When AMD announced their Polaris architecture at CES, it was focused on mid-range applications. Their example was an add-in board that could compete against an NVIDIA GeForce GTX 950, 1080p60 medium settings in Battlefront, but do so at 39% less wattage than this 28nm, Maxwell chip. These Polaris chips are planned for a “mid 2016” launch.
Raja Koduri, Chief Architect for the Radeon Technologies Group, spoke with VentureBeat at the show. In his conversation, he mentioned two architectures, Polaris 10 and Polaris 11, in the context of a question about their 2016 product generation. In the “high level” space, they are seeing “the most revolutionary jump in performance so far.” This doesn't explicitly state that the high-end Polaris video card will launch in 2016. That said, when combined with the November announcement, covered by us as “AMD Plans Two GPUs in 2016,” it further supports this interpretation.
We still don't know much about what the actual performance of this high-end GPU will be, though. AMD was able to push 8 TeraFLOPs of compute throughput by creating a giant 28nm die and converting the memory subsystem to HBM, which supposedly requires less die complexity than a GDDR5 memory controller (according to a conference call last year that preceded Fury X). The two-generation jump will give them more complexity to work with, but that could be partially offset by a smaller die because of the potential differences in yields (and so forth).

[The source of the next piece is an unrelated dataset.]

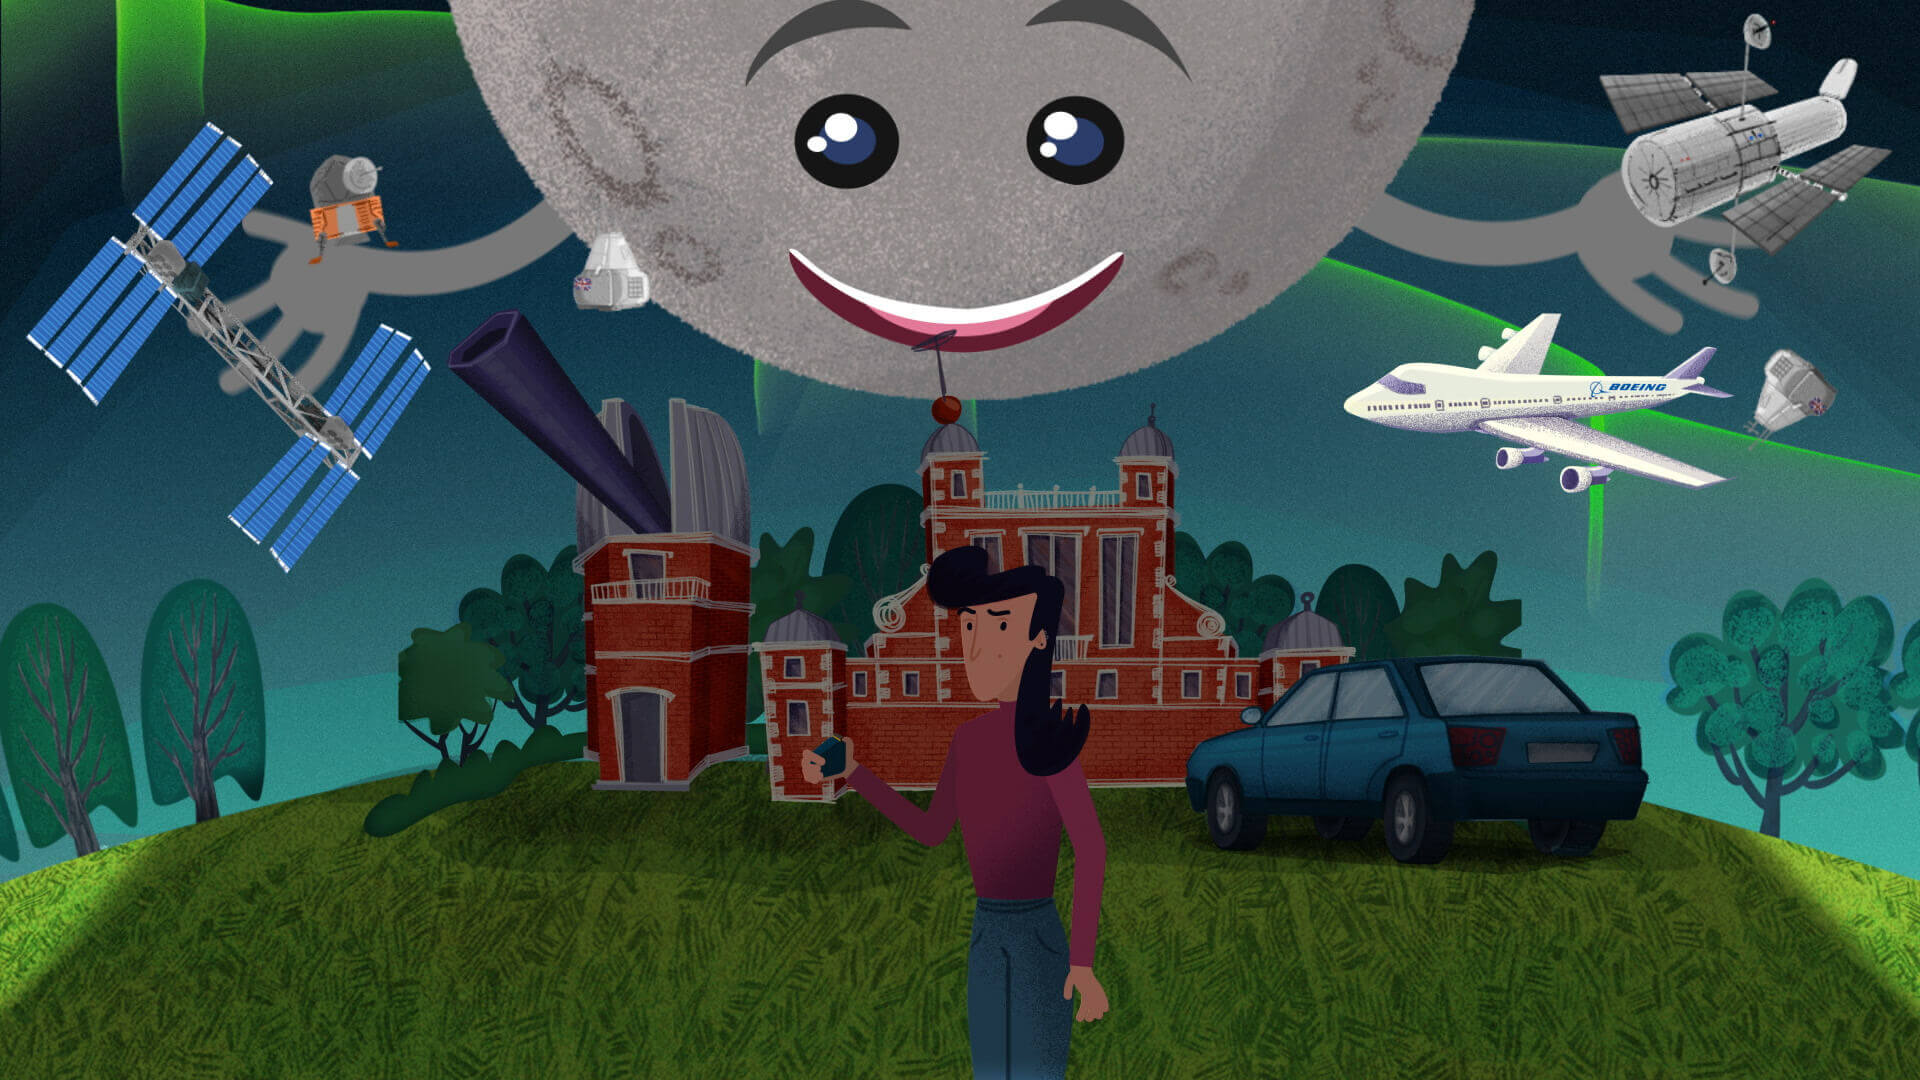 Photo of Slurpy Studios' animation work space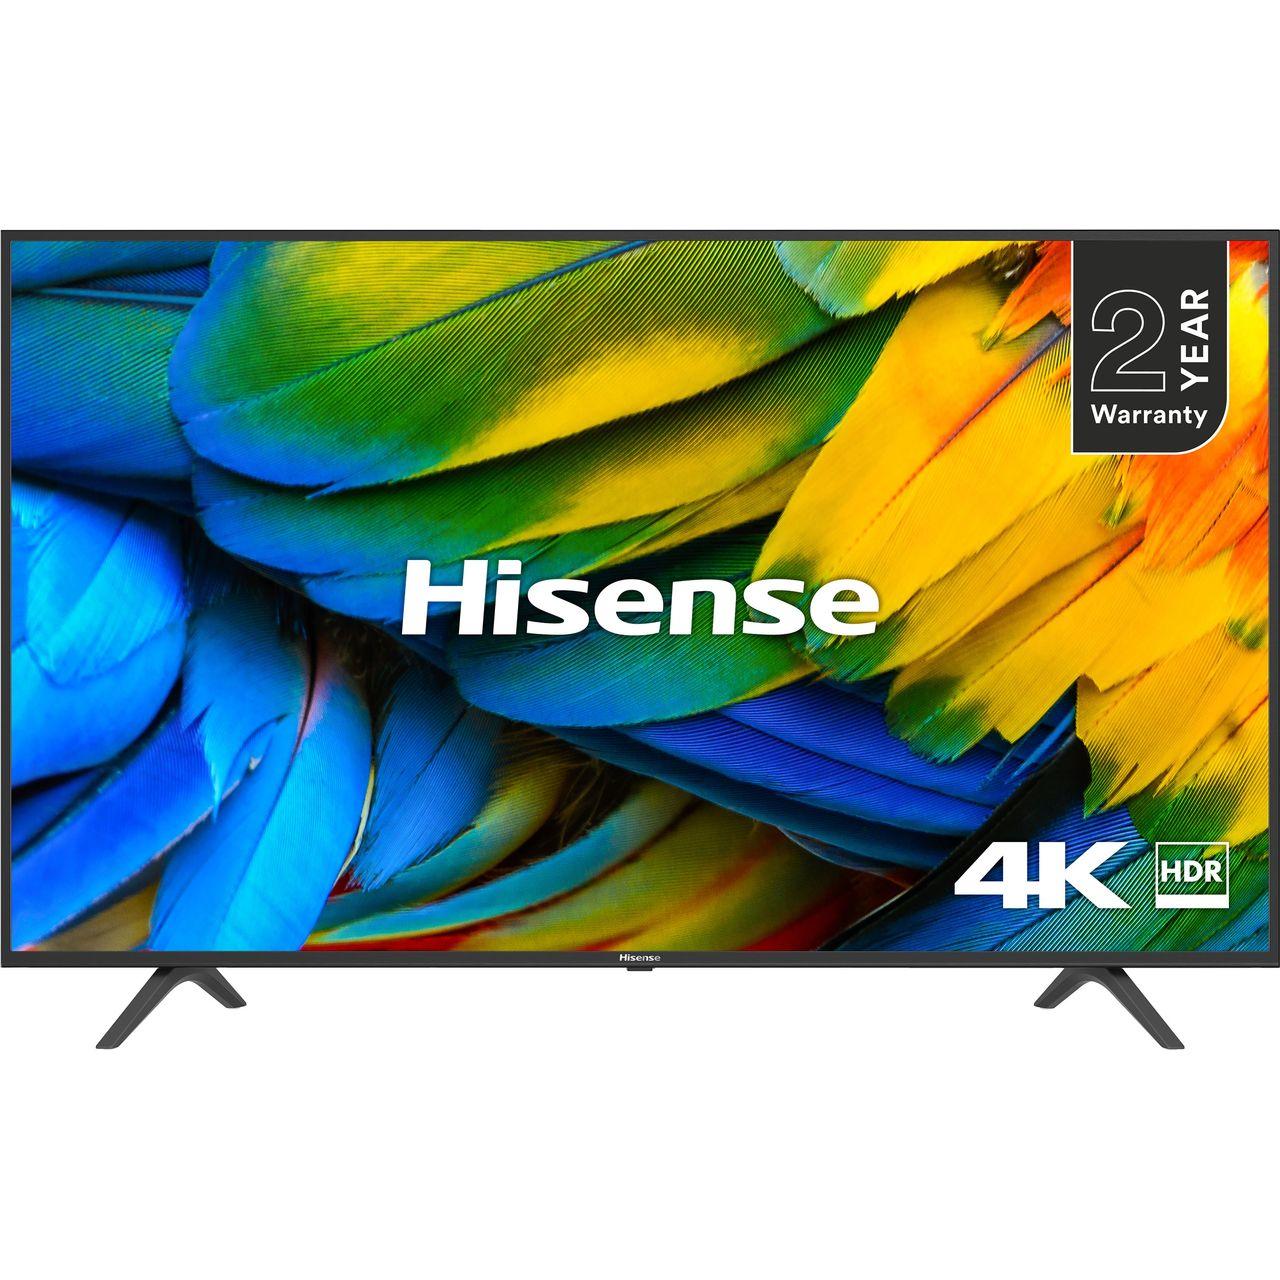 "Hisense H50B7100UK 50"" Smart 4K Ultra HD TV with HDR10 and DTS Studio Sound + PS4 Fifa 20 Bundle £389 @ AO"

Also, while the performance of the 8 TeraFLOP Fury X was roughly equivalent to NVIDIA's 5.6 TeraFLOP GeForce GTX 980 Ti, we still don't know why. AMD has redesigned a lot of their IP blocks with Polaris; you would expect that, if something unexpected was bottlenecking Fury X, the graphics manufacturer wouldn't overlook it the next chance that they are able to tweak it. This could have been graphics processing or something much more mundane. Either way, upcoming benchmarks will be interesting.
And it seems like that may be this year.
“Also, while the performance
“Also, while the performance of the 8 TeraFLOP Fury X was roughly equivalent to NVIDIA’s 5.6 TeraFLOP GeForce GTX 980 Ti, we still don’t know why. AMD has redesigned a lot of their IP blocks with Polaris; you would expect that, if something unexpected was bottlenecking Fury X,”
I think the bottleneck was some what already revealed. Remember back when AMD announced the Fury X they claimed 30% faster then a 980ti IF you used the settings they selected which were settings that took advantage of power of the shaders and most any setting that didn’t was turned off or low. There in lyes the answer. When doing Non-shader array based work like for example AF work amd cards are much slower at doing that work which nvidia cards are better at doing.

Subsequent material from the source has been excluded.